Shares of Reliance Industries dropped more than 4 per cent on Tuesday as investors grew increasingly uneasy about mounting competition in the retail space and lingering uncertainty over the company’s crude oil sourcing strategy. The decline marked the stock’s steepest single-day fall since June 2024.
Investor nervousness was driven by fresh signs of strain in the retail sector. Fast-fashion major Trent Ltd reported a 15 per cent year-on-year decline in average revenue per square foot during the December quarter, indicating a more challenging business environment. Adding to the pressure, Citigroup flagged that intensifying competition is eating into the market share of established players, a view that weighed on sentiment surrounding Reliance’s retail operations.

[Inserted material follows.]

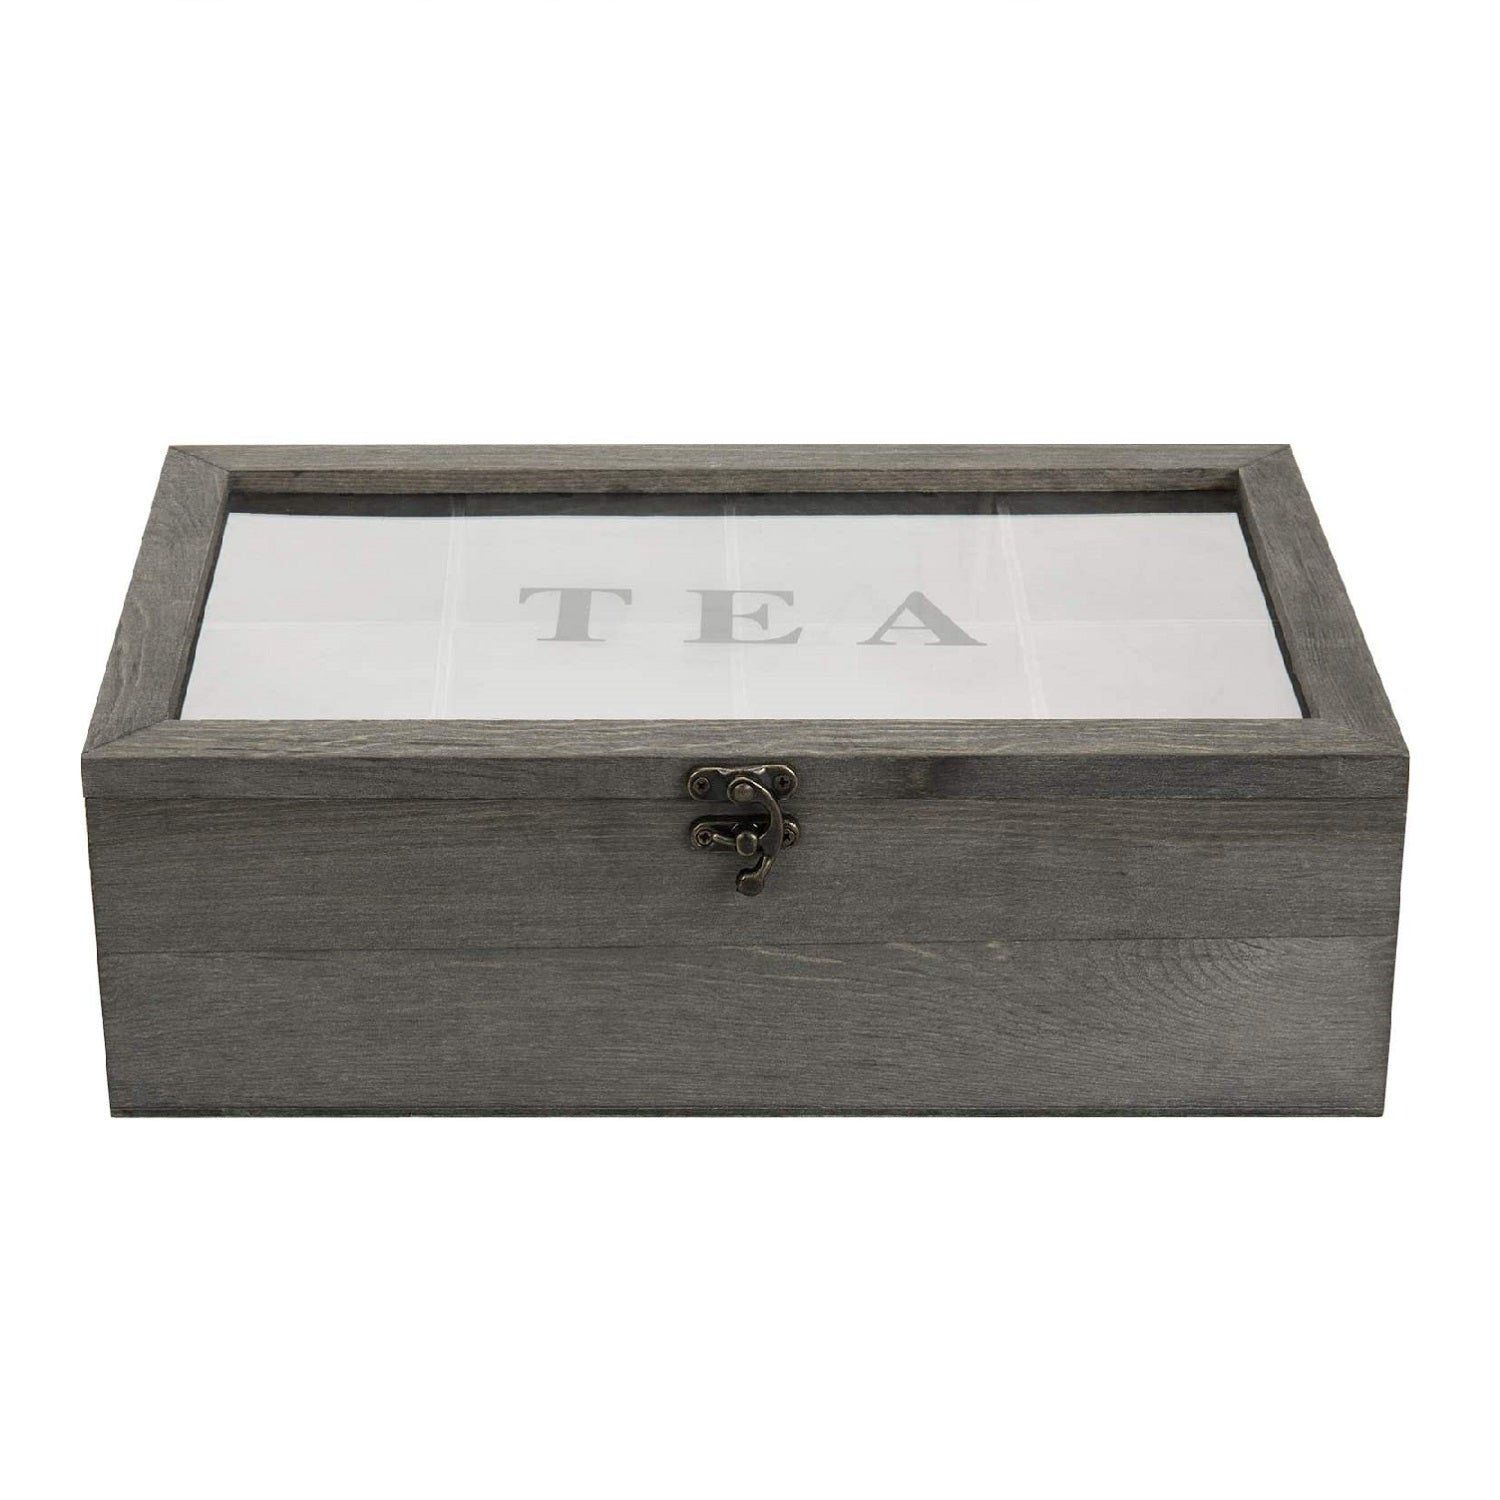 Caja vintage para almacenar bolsas de te, cocinas y decoracion

Concerns were also amplified by developments on the energy front. Reliance, which runs the world’s largest single-location refining complex and was until recently India’s biggest buyer of Russian crude, said it has not received any Russian oil cargoes for nearly three weeks and does not expect any deliveries in January. The company had earlier announced a halt in Russian crude usage at its Jamnagar export refinery to comply with EU sanctions.
Despite near-term worries, Morgan Stanley remains optimistic, citing possible growth drivers in 2026 such as a Jio Platforms IPO, higher telecom tariffs and stronger refining margins. On Tuesday, Reliance shares closed around ₹1,507 on both exchanges after falling over 5 per cent intraday, while on Wednesday morning the stock edged up 0.36 per cent to ₹1,513.